What does it mean to fear God?

What does it mean to fear God?

 

Shabbat Vayelech/Shabbat Shuvah 5780

One word appears like a thread in our sidra and throughout this season.  It is the Hebrew word YRA usually translated ‘to fear’ or ‘to be in awe of’.  These days, between Rosh Hashanah and Yom Kippur, are Yamim Noraim, Days of Awe.  Our Sidra talks about fearing God.  At the same time it tells us, twice, ‘Be strong and of good courage, do not fear, for God will go before you.’

Amongst the hardest concepts for 21st century Jews to grasp is this idea of yir’at haShem, the fear of God- which is expressed as ‘fear of the name’ because even to speak the Divine name was held in awe and trepidation.  It was fundamental to our ancestors faith.  On Rosh Hashanah, we read the story of the Akedah.  At the end of the story, Abraham was told,  Ki ata yadati ki y’rei elohi ata ׀ - now I know that you are God-fearing.  Why did God know that Abraham was God-fearing?  Because he was willing to slay his son Isaac.  What sort of fear must this be, that Abraham had to be willing to kill his son to prove it?   Yet throughout subsequent generations,  yir’at haShem was seen as the mark of a righteous man or woman.  If someone was God-fearing, then they could be relied on to behave justly and mercifully, to do what is right.

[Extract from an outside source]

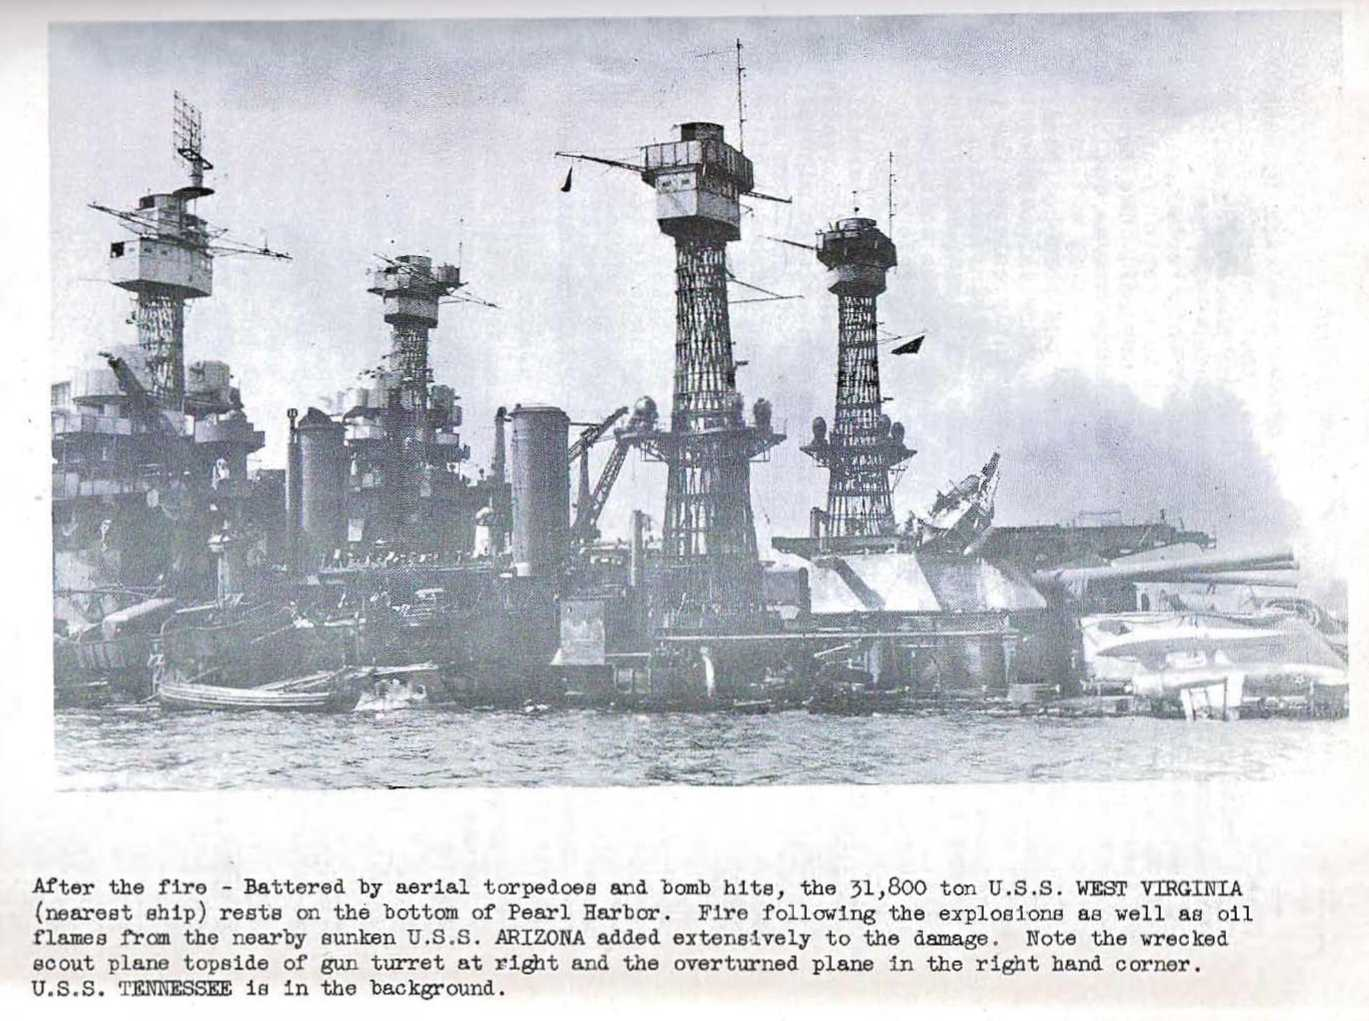 Ship's 100% Original To Win A High Admiration Vintage Naval Signal Flag – Boat Ecuador 412

This is because yir’at haShem is more than simple fear.  The Book of Proverbs tells us: Yir’at Adonai reishit chochmah - the fear of God is the beginning of wisdom.    Yir’at haShem is an attitude of mind.  It is an awareness of God’s awesome presence in the world.  As we say in the Kedushah, m’lo kol ha-aretz k’vodo - the whole earth is full of God’s glory. It is as much a sense of wonder as a sense of fear, an awareness of the beauty and greatness of the universe - as the Psalmist says, ‘The heaven’s proclaim God’s glory.’ If God’s creation is so amazing, how much more so must its Creator be.  Abraham Joshua Heschel, the great 20th century rabbi, writes: ‘Awe is an intuition for the dignity of all things… Awe… enables us to see in the world intimations of the divine.’

From this sense of God’s presence springs a sense that everything we do matters.  Each good deed has an importance for the good of the world, each bad deed harms the world. That is a sense that is very much heightened at this time.  Two metaphors symbolise these days.  The first is a book in which our deeds are recorded and our fate written and then, at Yom Kippur, sealed.  The second is of our deeds being weighed in a scale.  As Maimonides explains, for most people, good and bad deeds are finely balanced, and one deed can sway the scales either way.  We do not need to take the metaphors literally to feel the weight of these days, to feel that our repentance and prayers do matter, and can make a difference to how we live our lives in the year to come.  The sense of awe that these days bring can give us not only fear but also hope and strength as we approach Yom Kippur.

For Yir’at haShem is not like any other fear.  Normally, fear and love do not accompany each other.  Yet Judaism talks not only of Yir’at haShem but also of Ahavat haShem, love of God.   In the Shema, we read ‘v’ahavta et Adonai Elohecha - you shall love the Eternal One your God.’  Throughout the Torah, God is described as loving and compassionate.  In a beautiful symmetry, the rabbis decided that the blessing before the Shema should thank God for the everlasting love that has been shown to us.  If fear of God is hard to grasp, love of God can seem even harder. God can seem an abstract concept or a transcendent being, beyond the universe.  Again, the rabbis help us to a different understanding:  ‘If someone says they love God but do not love their fellow human being, you know they are lying.’  It is through loving our fellow human beings that we come to love God.  That is the way we express our love and the way we experience God’s love.  Judaism is not a religion that can be lived in isolation.  It is through our loving relationships with each other that we come to love God.

The explorer John Muir wrote: ‘How wholly infused with God is this one big word of love that we call the world!’  The creation of the world was an expression of God’s love.   When we look at the world around us, and when we experience what it is to love, we experience together both the awe and the love of God. In these Days of Awe, let us awaken ourselves to both.  For in these days, we experience God’s nearness as at no other time.  And as we experience God’s nearness, the words that were said to Joshua may be fulfilled for us: ‘Be strong and of good courage; do not fear.  For the Eternal God goes before you and will not fail you or forsake you.’